The paper addresses the problem of constraining CP-even and CP-odd Higgs–gauge couplings through SMEFT in Higgsstrahlung at a future $e^-e^+$ collider at $\sqrt{s}=250$ GeV. It combines six dimension-6 operators in a polarized-beam analysis of $e^-e^+\to Zh$, exploiting spin-based observables from $h\to b\bar{b}$, $WW^*$, and $ZZ^*$ decays to access interference effects, including CP-odd contributions. The main contributions are the demonstration that Z-boson polarization and Higgs decay spin correlations substantially enhance sensitivity to CP-odd operators, and the provision of projected 95% CL bounds showing strong complementarity among decay channels and significant improvements over current bounds, with clear saturation behavior set by systematics. The study demonstrates that sub-percent level SMEFT coefficient constraints are achievable at future high-luminosity lepton colliders when leveraging spin observables, beam polarization, and multiple Higgs decay channels, with important implications for precision Higgs physics and BSM sensitivity.

Abstract

We investigate the sensitivity of a future high-luminosity $e^-e^+$ collider operating at $\sqrt{s}=250~\text{GeV}$ to CP-violating and CP-conserving anomalous $hVV$ interactions via the Higgsstrahlung process. The effects of new physics are parameterized in the Standard Model Effective Field Theory~(SMEFT) framework through six dimension-6 operators modifying the $hVV$ vertices. Using polarized beams and exploiting polarization and spin correlation asymmetries reconstructed from Higgs decay products, we perform a comprehensive analysis across the three dominant decay modes, $h\to b\bar{b}$, $WW^\star$, and $ZZ^\star$. The $h\to WW^\star$ channel exhibits the highest sensitivity to $\mathcal{O}_{HW}$ and $\mathcal{O}_{H\widetilde{W}}$, while the $b\bar{b}$ mode constrains the remaining operators with high statistical precision. Sensitivity studies incorporating luminosity scaling and systematic uncertainties show that the projected bounds improve significantly with increasing integrated luminosity, but saturate once experimental systematics exceed the few-percent level. These results highlight the crucial role of spin-based observables and beam polarization in achieving sub-percent precision on SMEFT coefficients at future lepton colliders.

Figures (4)

• Figure 1: Recoil mass distribution normalized to $\mathcal{L}=1000$ fb$^{-1}$ for signal and two background processes viz. $ZZ$ and $ZZ\gamma$. The kinematic effect of ISR are highlighted for $Zh$ and $ZZ$ processes.

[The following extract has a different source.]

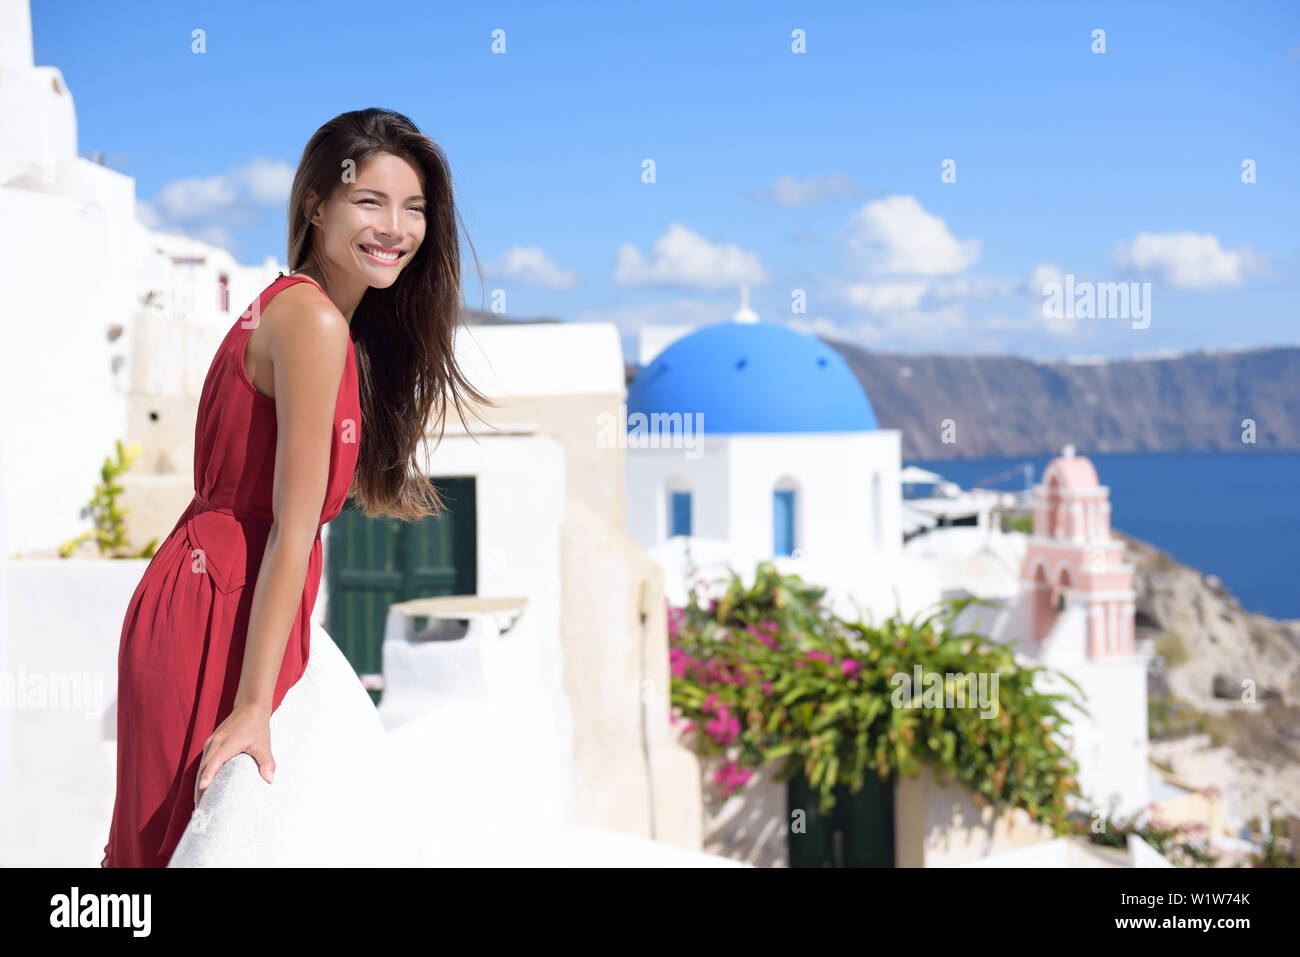 L'île de Thira Santorini Grèce tourisme - Asian woman wearing red dress on été voyage looking at view avec le célèbre attraction trois dômes chapelle église dans l'arrière-plan. Destination de luxe. Banque D'Images

• Figure 2: Sensitivity of asymmetries to the WCs of the dimension-6 operators affecting $hZZ$ and $hZ\gamma$ coupling in $Zh$ production process. The distribution are obtained for $e^-e^+ \to Zh \to l^-l^+b\bar{b}$ process at $\sqrt{s}=250$ GeV, $\Lambda=1$ TeV with initial polarized beams, $(P_{e^-},P_{e^+}) = (\mp0.8,\pm0.3)$ and an integrated luminosity of $\mathcal{L}=1$ ab$^{-1}$ for each polarization setting. No systematic errors are considered.

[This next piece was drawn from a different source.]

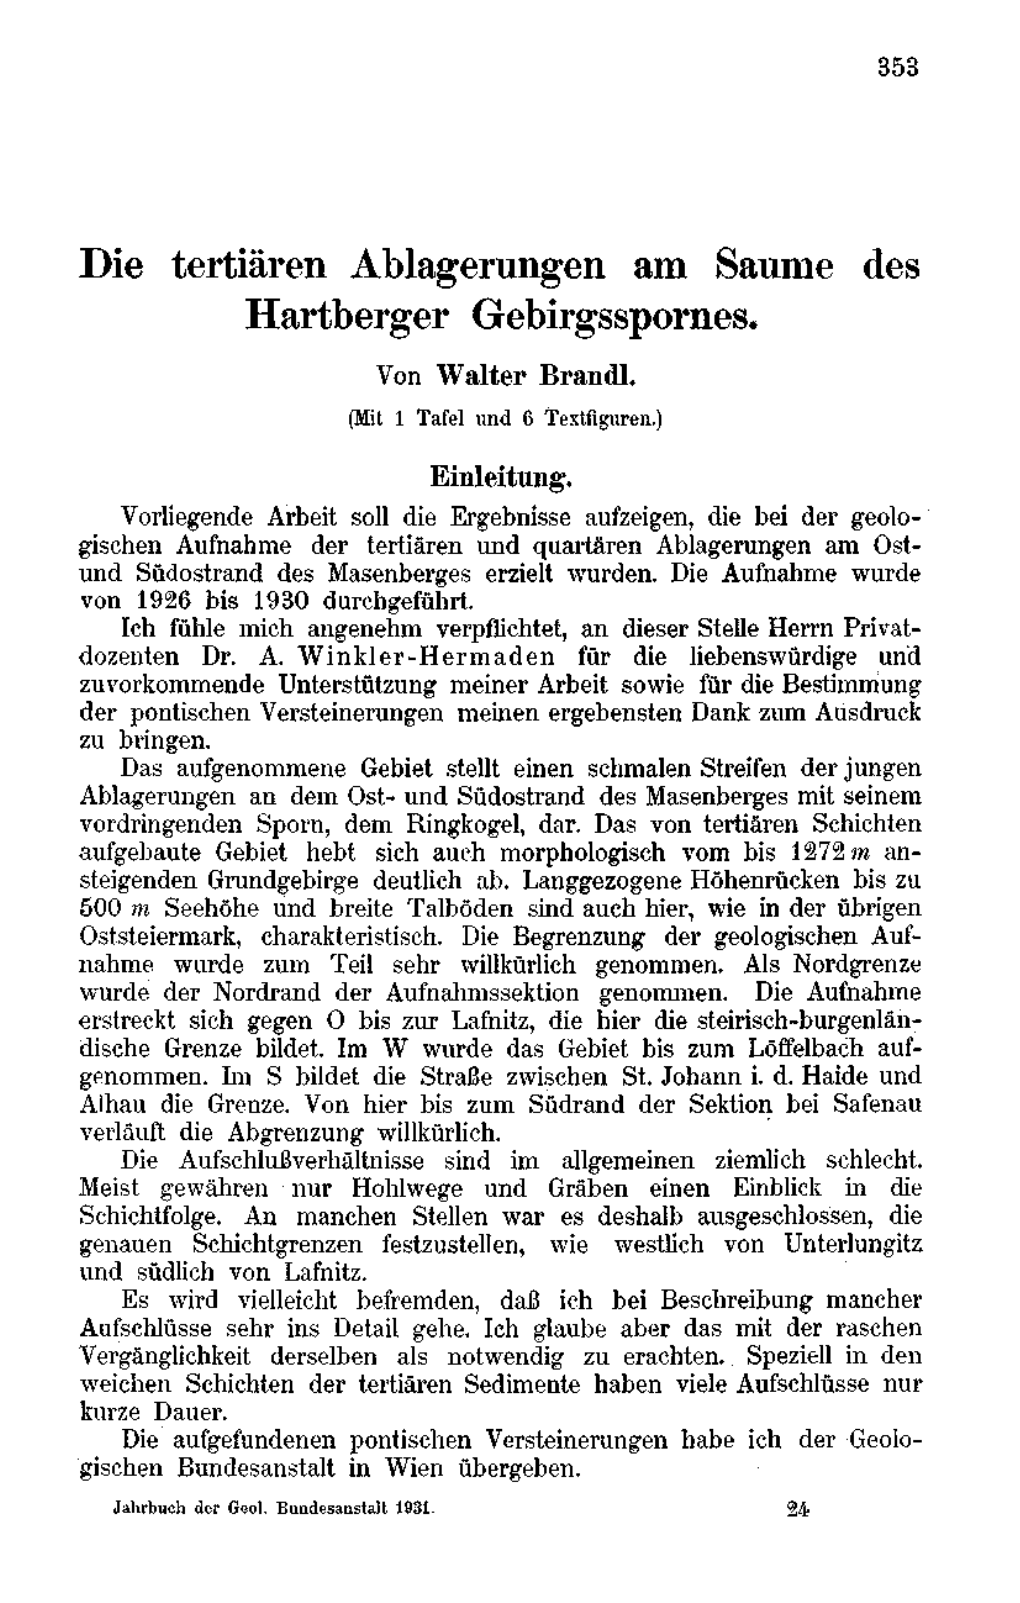 Die Tertiären Ablagerungen Am Saume Des Hartberger Gebirgsspornes. Von Walter Brandl

• Figure 3: In the top row, we show the sensitivity for asymmetries as a function of one WC at a time obtained with $h \to WW^\star$ channel and in the bottom row, the sensitivity for $h\to ZZ^\star$ are shown. Only top eight sensitive asymmetries for each CP-odd WC are shown. The distribution are obtained at $\sqrt{s}=250$ GeV, $\Lambda =1$ TeV with beam polarization $(P_{e^-},P_{e^+}) = (\mp0.8,\pm0.3)$ and an integrated luminosity $\mathcal{L}=1$ ab$^{-1}$. No systematic errors are taken in this analysis.

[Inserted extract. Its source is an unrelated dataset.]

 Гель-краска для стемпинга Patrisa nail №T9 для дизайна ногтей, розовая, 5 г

• Figure 4: Impact of integrated luminosity (left panel) and systematic uncertainties (right panel) on two-dimensional 95% CL contours in the Wilson coefficient plane, using combined Higgs decay channels ($h\to b\bar{b}$, $h \to WW^\star$, $h\to ZZ^\star$) from $Zh$ production at $\sqrt{s} = 250$ GeV $e^-e^+$ collider.